E continuará a arder enquanto se mantiverem estas condições meteorológicas, excelentes para fogos de Inverno. Ainda recentemente, em Espanha, estava a arder, há quase uma semana, numa zona em que as temperaturas estavam seis graus abaixo de zero.
Como comentava o Laboratório de Fogos Florestais da UTAD, confirma-se que as baixas humidades podem anular o efeito das baixas temperaturas na propensão para arder, não sendo a inversa verdadeira: por mais alta que seja a temperatura, não arde grande coisa com humidades altas.
Como um destes fogos foi às portas de Vila Real, logo alguém filmou e deu origem a umas notícias de jornal e comentários inflamados nas redes sociais, por parte de quem acha um drama arderem 300, 400 ou 500 hectares de mato nas actuais circunstâncias.
Tentei explicar que a notícia destes fogos era excelente, a única parte negativa é a mania de se porem bombeiros a apagar estes fogos, em vez de simplesmente os acompanhar e conduzir, para eliminar a probabilidade, aliás baixa, de haver perdas económicas (nestas circunstâncias não há grande probabilidade de haver perdas sociais e não há perdas ambientais).
Rapidamente me estavam a chamar nomes, a ironizar sobre o que eu sabia sobre o assunto, a fazer ataques de carácter, etc..

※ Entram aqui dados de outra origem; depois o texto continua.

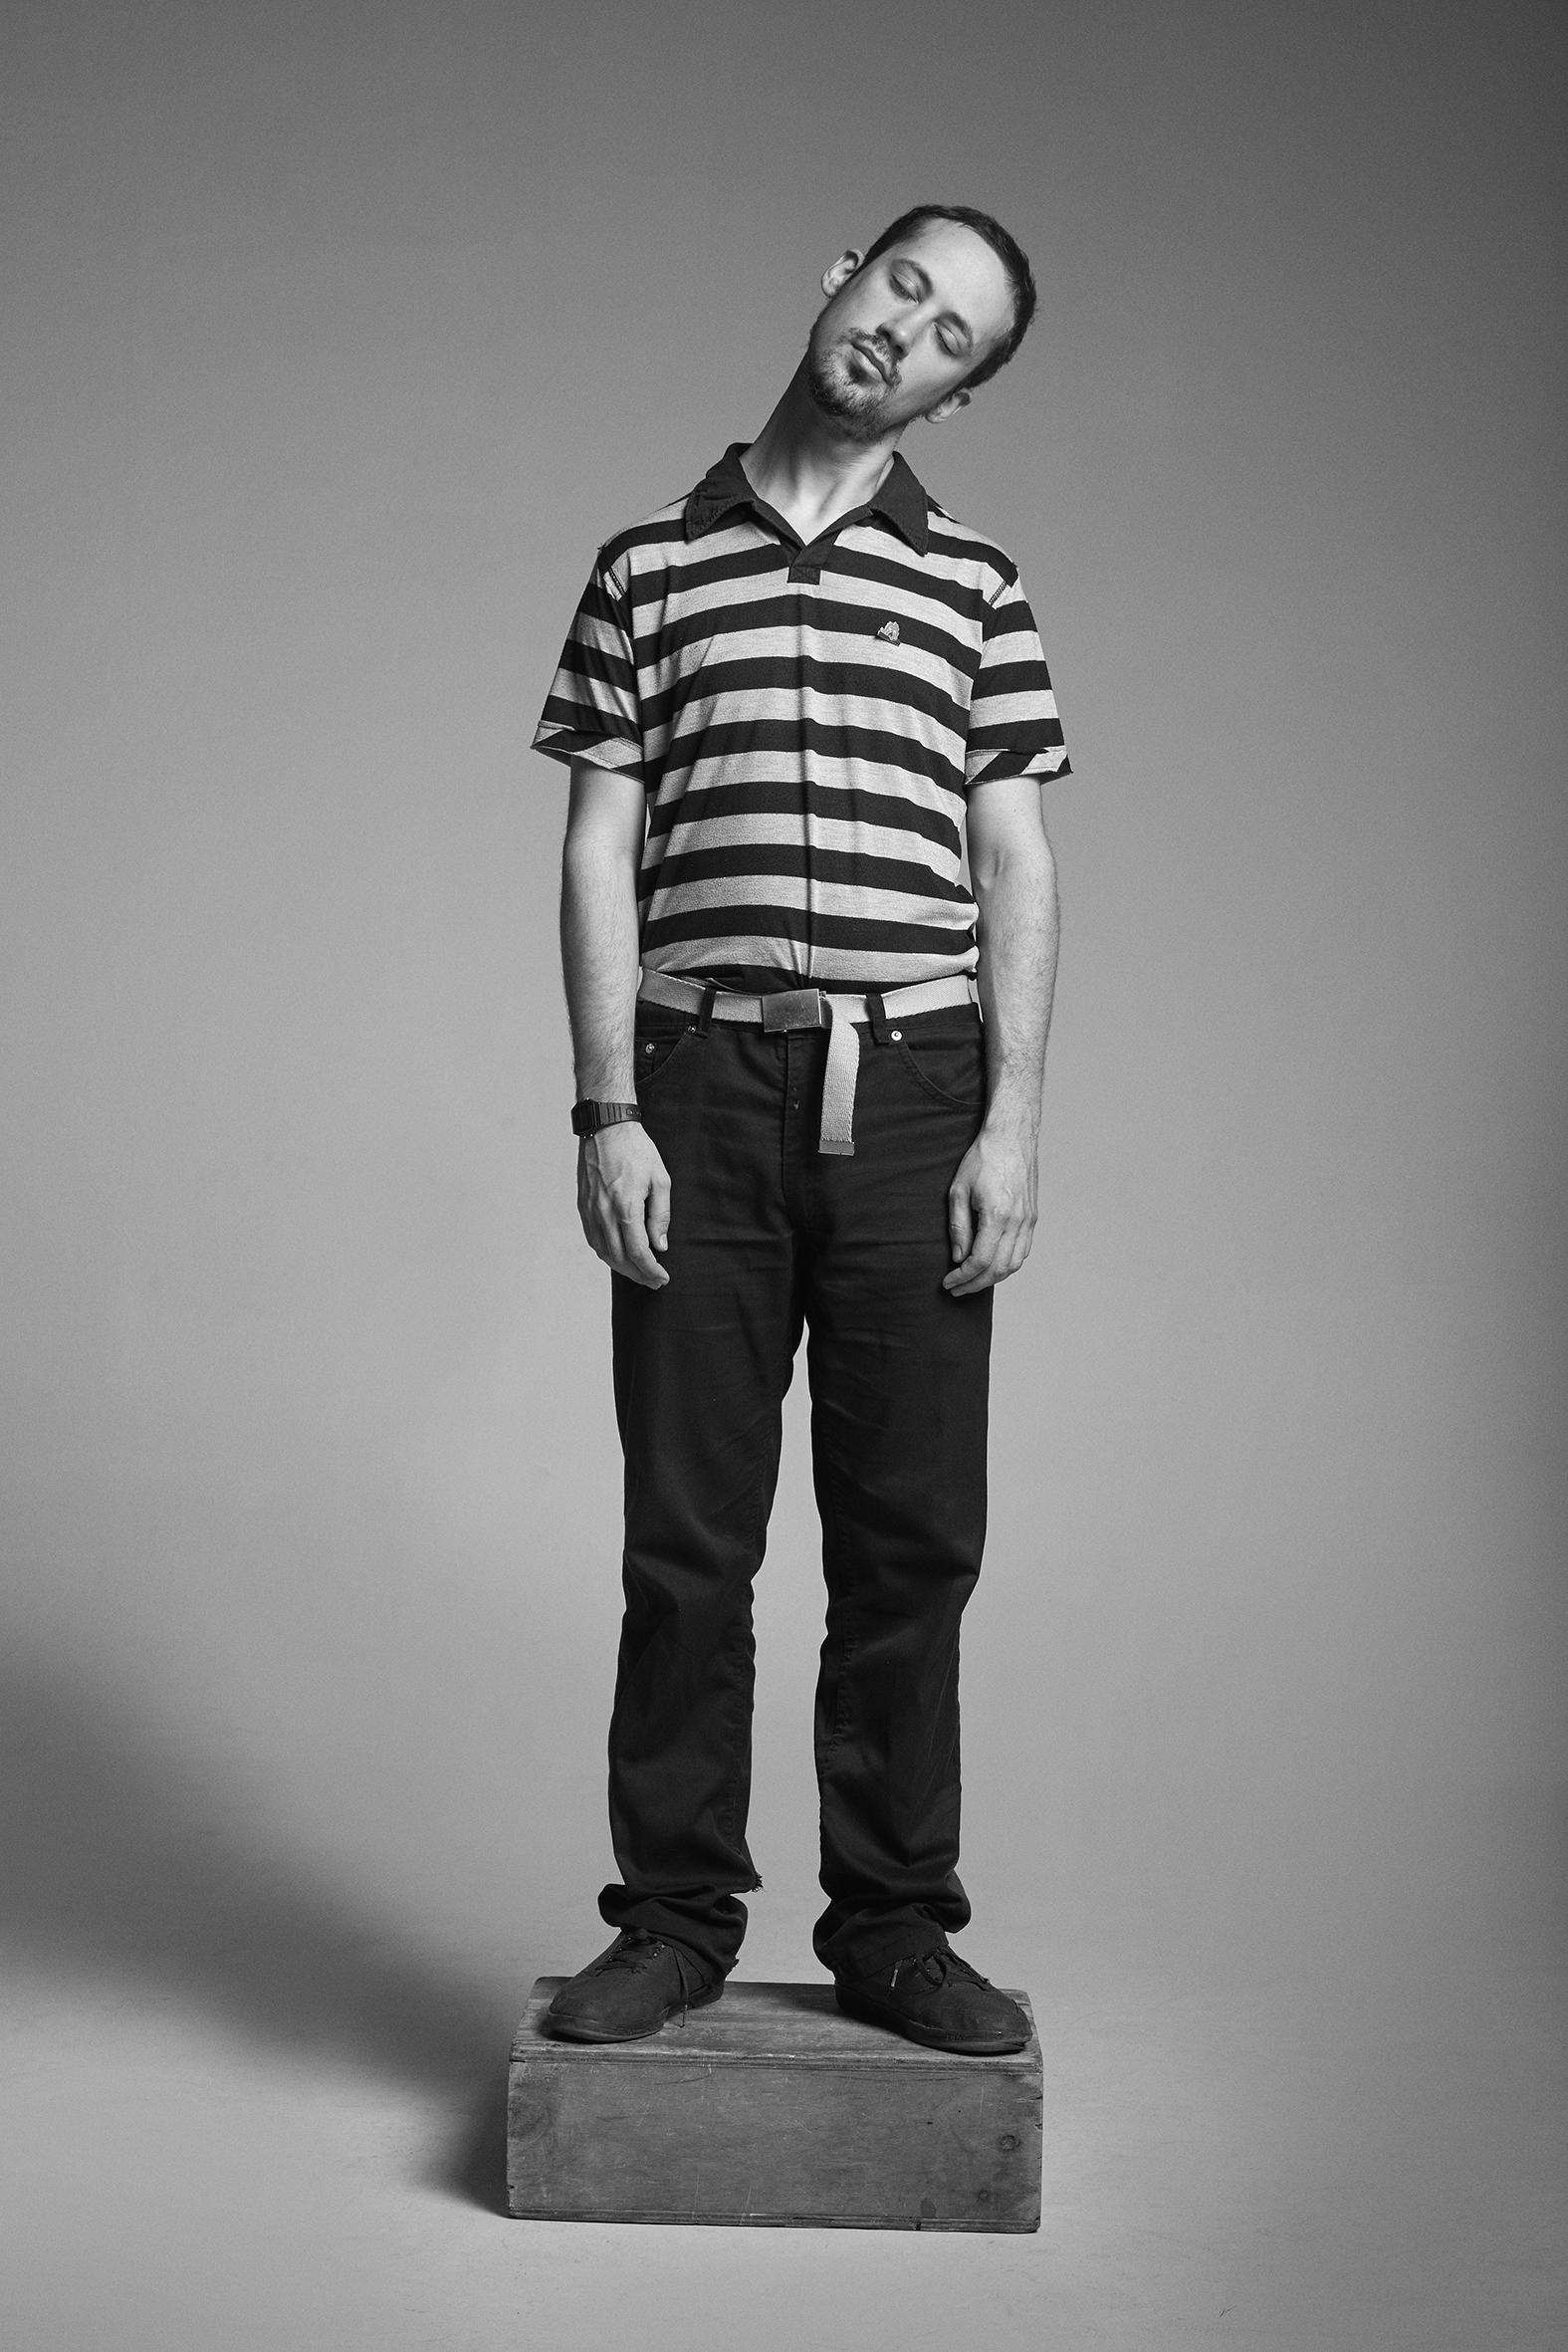 Retrato – Santiago Colombo Migliorero (vertical)

E, inevitavelmente, a falar de eucaliptos (a arder no cimo de Montemuro e do Alvão, áreas de pastagens pobres sem aptidão para eucaliptos e os pobres de espírito a repetir mantras sobre eucaliptos e fogos, como quem reza a Santa Bárbara de cada vez que troveja).
Eu já fui um feroz opositor da plantação e da expansão do eucalipto, mas fui lendo, fui falando com quem estuda o assunto e fui verificando que grande parte do que eu julgava saber sobre o assunto não se confirmava em lado nenhum. Continuo a não gostar de eucaliptos, mas escrevo livros que gosto que sejam lidos em papel.

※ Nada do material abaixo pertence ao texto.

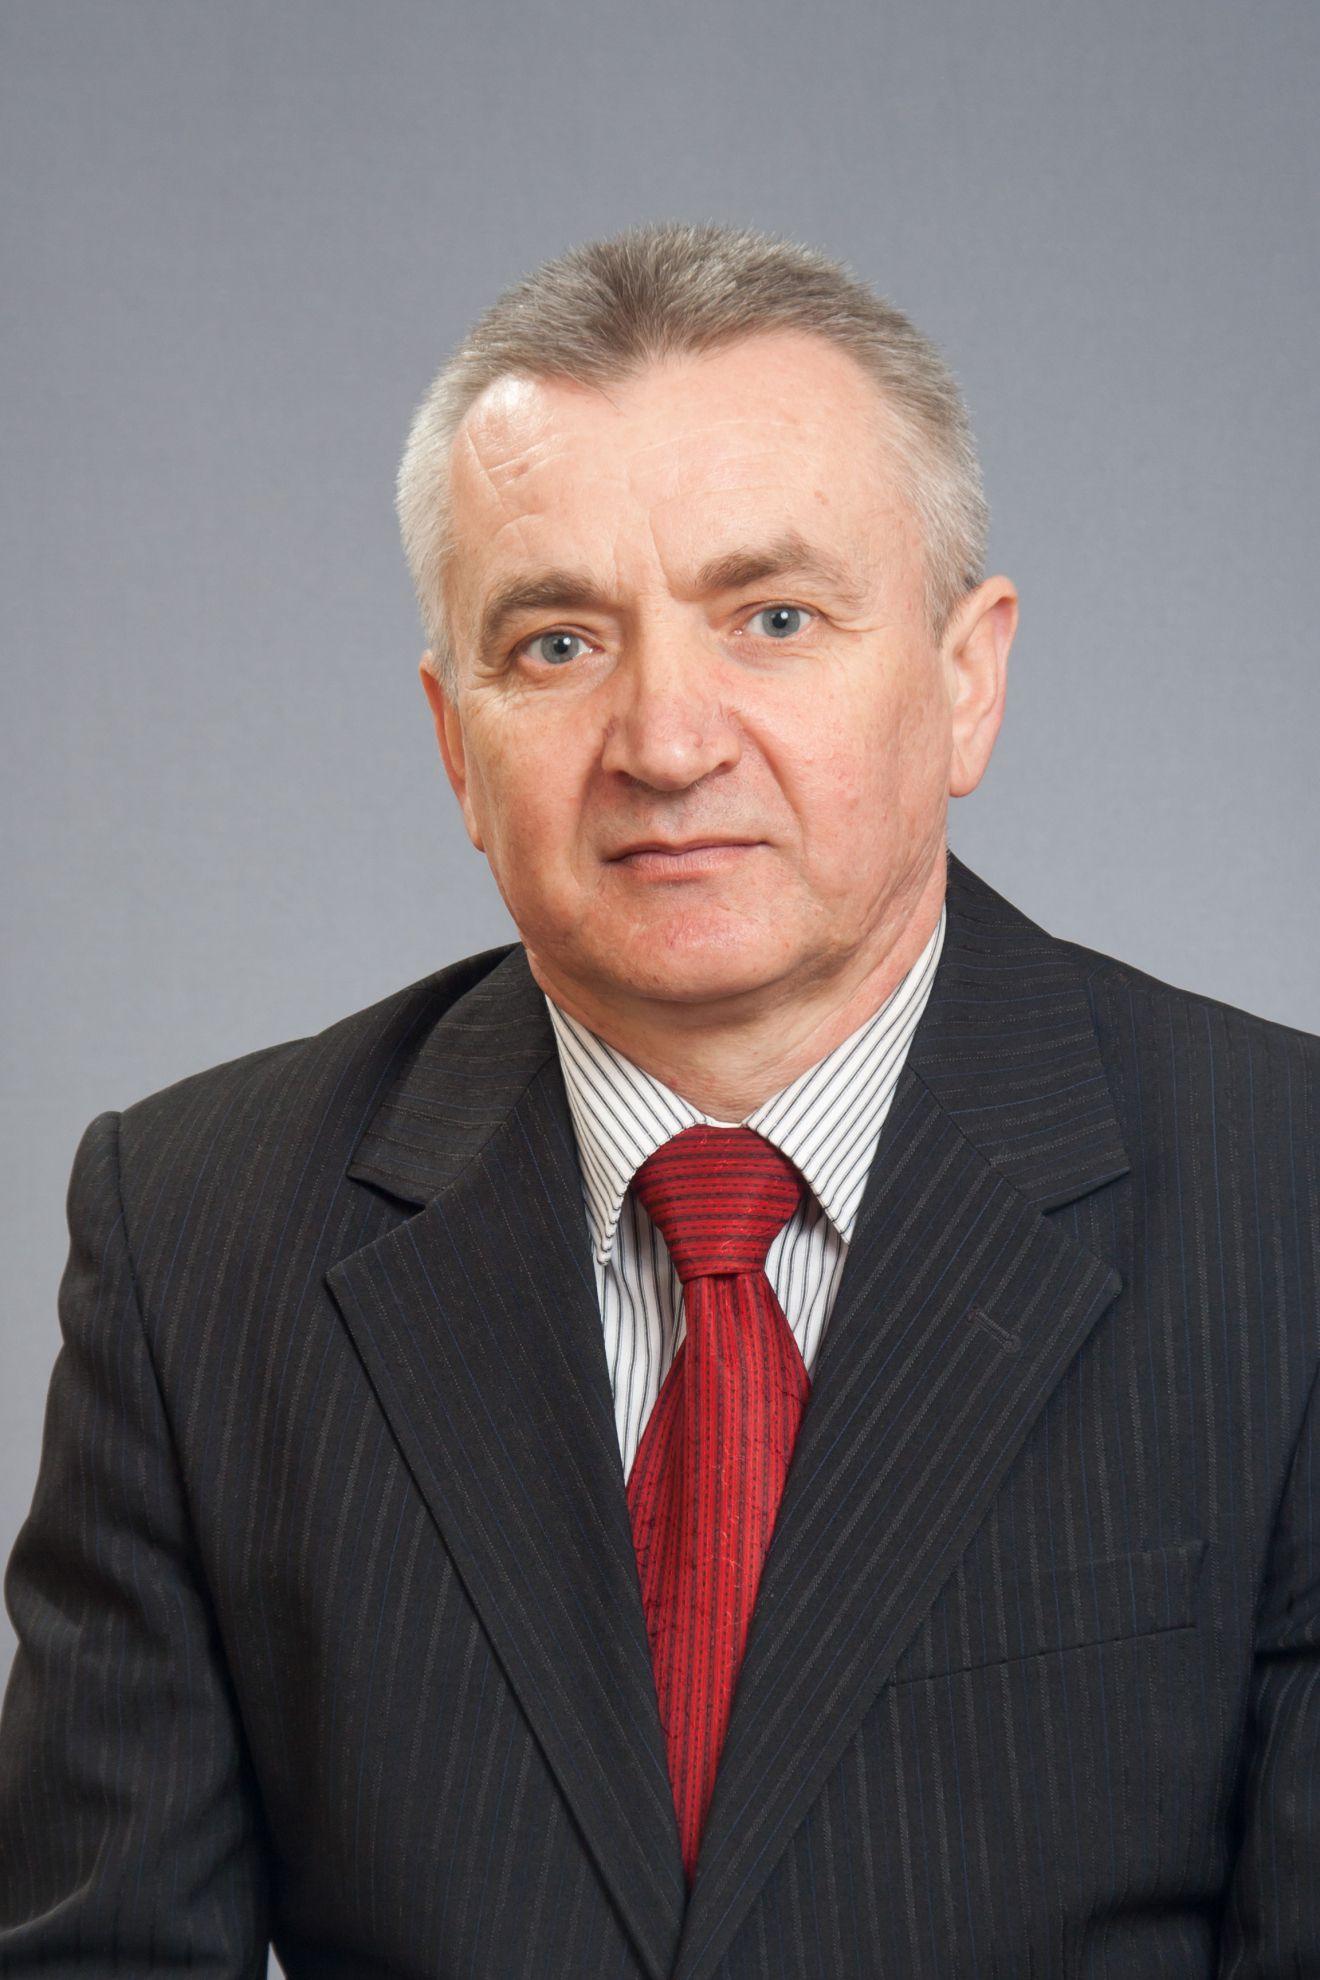 andrushchenko

Mais que isso, comecei a notar que os mais destacados militantes anti-eucalipto nunca tinham trabalhado sobre o assunto, tinham áreas de conhecimento, no máximo, próximas, mas mesmo quando eram investigadores o facto é que nunca tinham investigado nada sobre o assunto. Podiam ser, por exemplo, eminentes especialistas de solos, explicavam que sabiam muito de solos (quem diz solos pode dizer alterações climáticas, lobos, paisagem, enfim, o que se queira), usavam as suas credenciais académicas como argumento de autoridade mas, por acaso, nunca tinham mesmo estudado o assunto e os dados empíricos que usavam raramente eram abrangentes, normalmente eram sobre um pequeno factor (por exemplo, os óleos presentes nos tecidos dos eucaliptos são muito inflamáveis) para fazer generalizações e tirar conclusões totalmente abusivas. E a quantidade de asneiras por parágrafo atingia números exorbitantes sem que isso afectasse minimimente a credibilidade desses vendedores de banha da cobra.
Nada disto seria muito importante se a larga maioria dos que de facto estudam o assunto não fosse ostracizada no debate público.

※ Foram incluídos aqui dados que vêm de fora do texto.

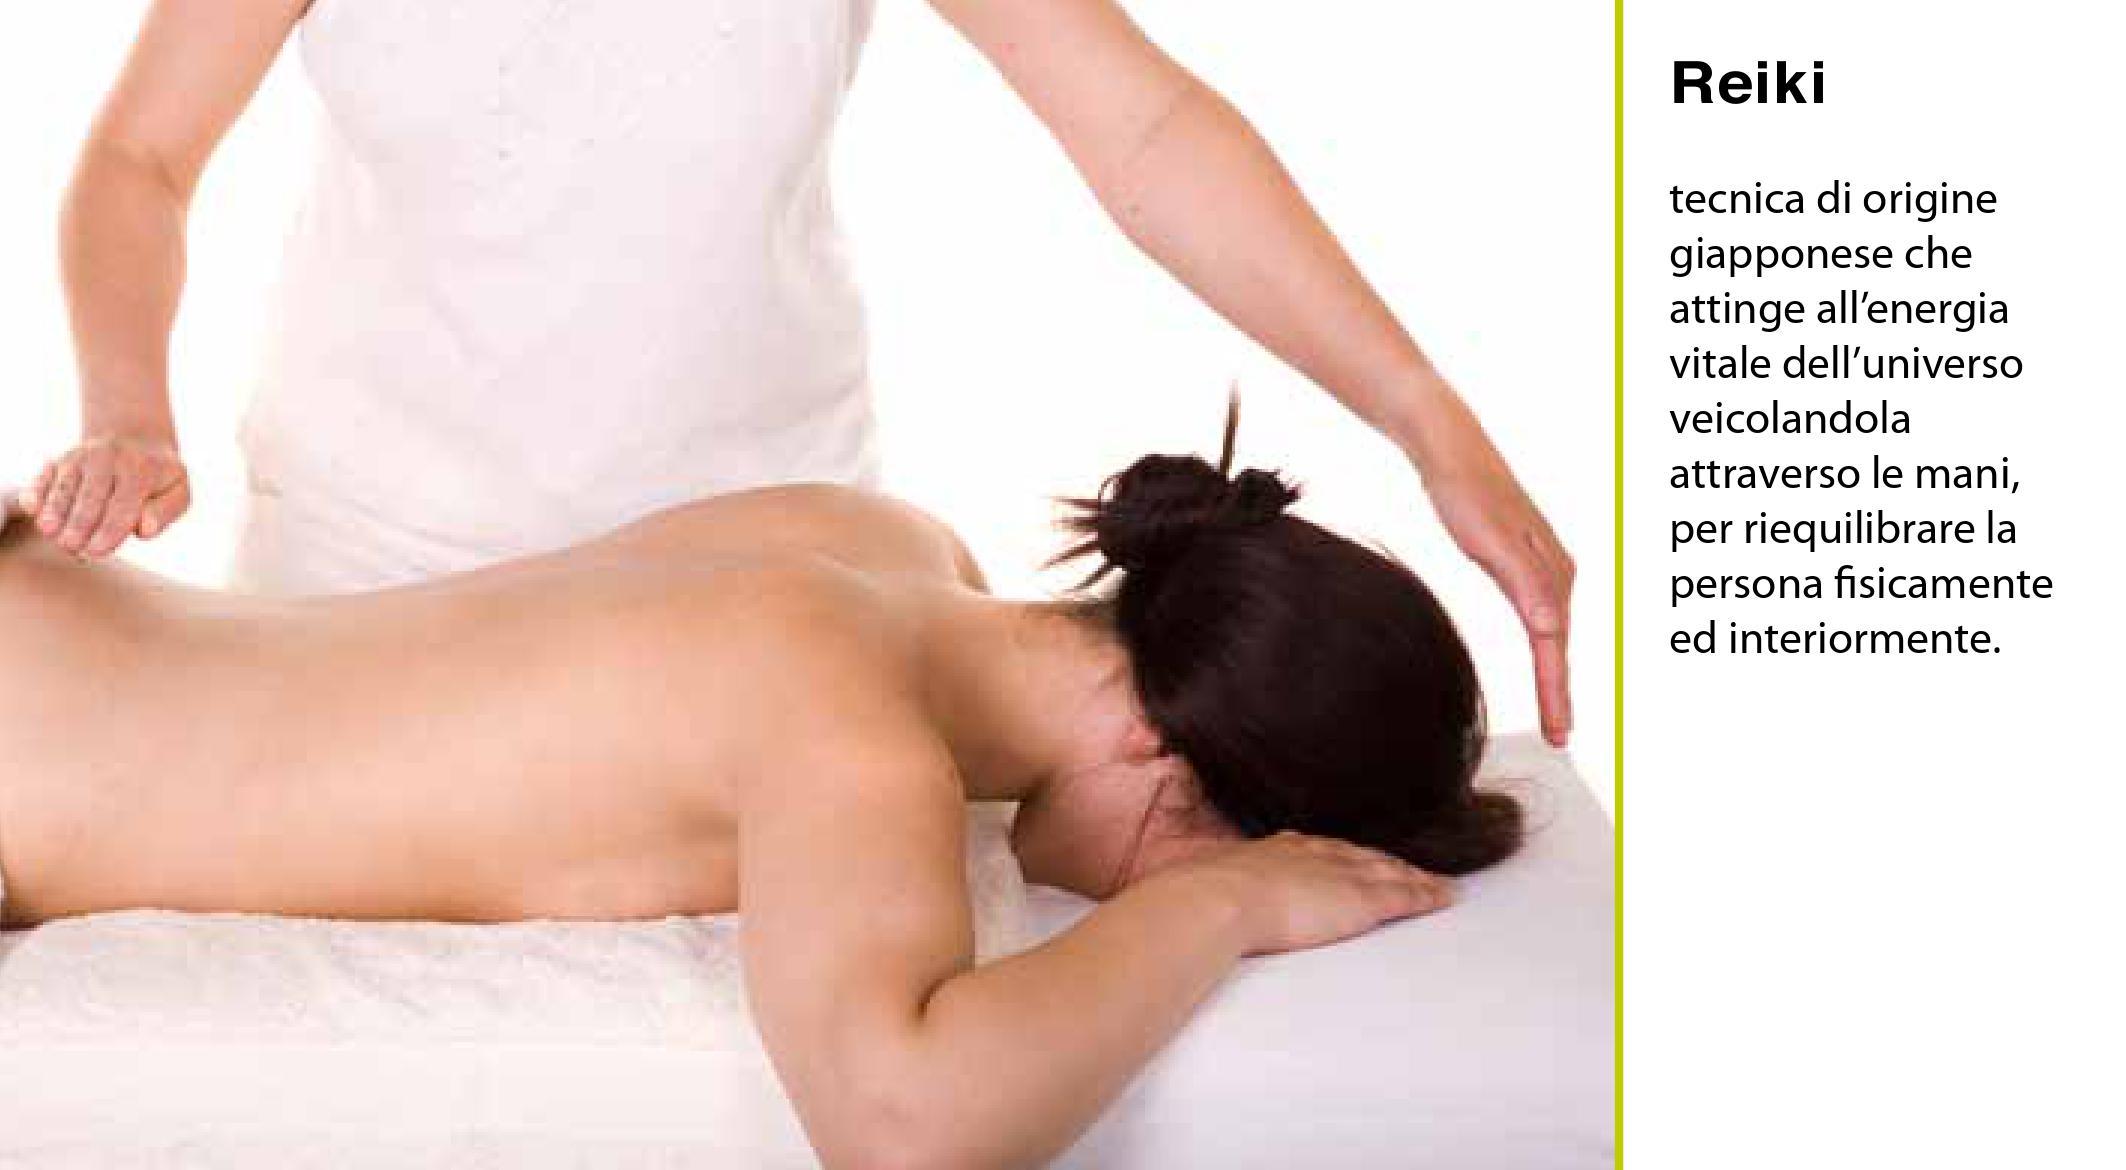 una ragazza senza vestiti per massaggio Reiki

Quer nos fogos, quer nos eucaliptos (mas poderia ser com o glifosato) há uma regra simples: para se ser ouvido é preciso dizer-se o que é permitido, argumentar que todos os que dizem o contrário estão vendidos aos interesses e que o mundo acaba já amanhã se não se parar a destruição a que se assiste e todos podemos ver facilmente.
Por acaso até sou presidente de uma associação de conservação da natureza, até faço trabalho concreto em matéria de conservação, até escrevo contra o mau uso de dinheiros públicos no apoio à produção (incluindo de eucalipto) em vez do pagamento dos serviços de ecossistema, mas nada do que eu faça tem a menor importância a partir do momento em que me recuso a entrar na histeria, não fundamentada, quando não mesmo errada, sobre os fogos, sobre a produção de eucalipto, sobre o glifosato e outros símbolos de pureza a que é preciso prestar vassalagem se se quiser ser considerado um bom ambientalista.
O que me parece perigoso nisto tudo não é a pequena minoria radical, muito vocal, que vocifera contra toda a heterodoxia, isso é da natureza das coisas e os sectários tendem a ser polícias do pensamento dos outros. E quanto menos importância têm, mais cultivam a pureza da linha justa e mais sectários são (o verdadeiro caso de estudo na matéria são os trotskistas clássicos).
O que é perigoso, e não se verificava de forma tão evidente há uns anos atrás, é o silêncio da grande maioria dos sabem, que pode ser voluntário (como eu os percebo, realmente há mais para fazer na vida que aturar parvos radicais e radicais parvos que não têm qualquer pejo em reduzir toda a argumentação a acusações de corrupção) mas é também, e muito, um bloqueio real que os jornalistas fazem a quem não pensar da forma certa.
E no fim queixam-se todos dos populismos que vamos alimentando com a condescendência social para com os ignorantes atrevidos a quem damos o direito de definir o que está certo e errado, não porque não saibamos que estão errados, mas porque não queremos lidar com a sua evidente agressividade e intolerância e não queremos acabar a ser acusados de corruptos, de estar ao serviço dos interesses, de ser pagos pelos malandros a quem só interessa o lucro.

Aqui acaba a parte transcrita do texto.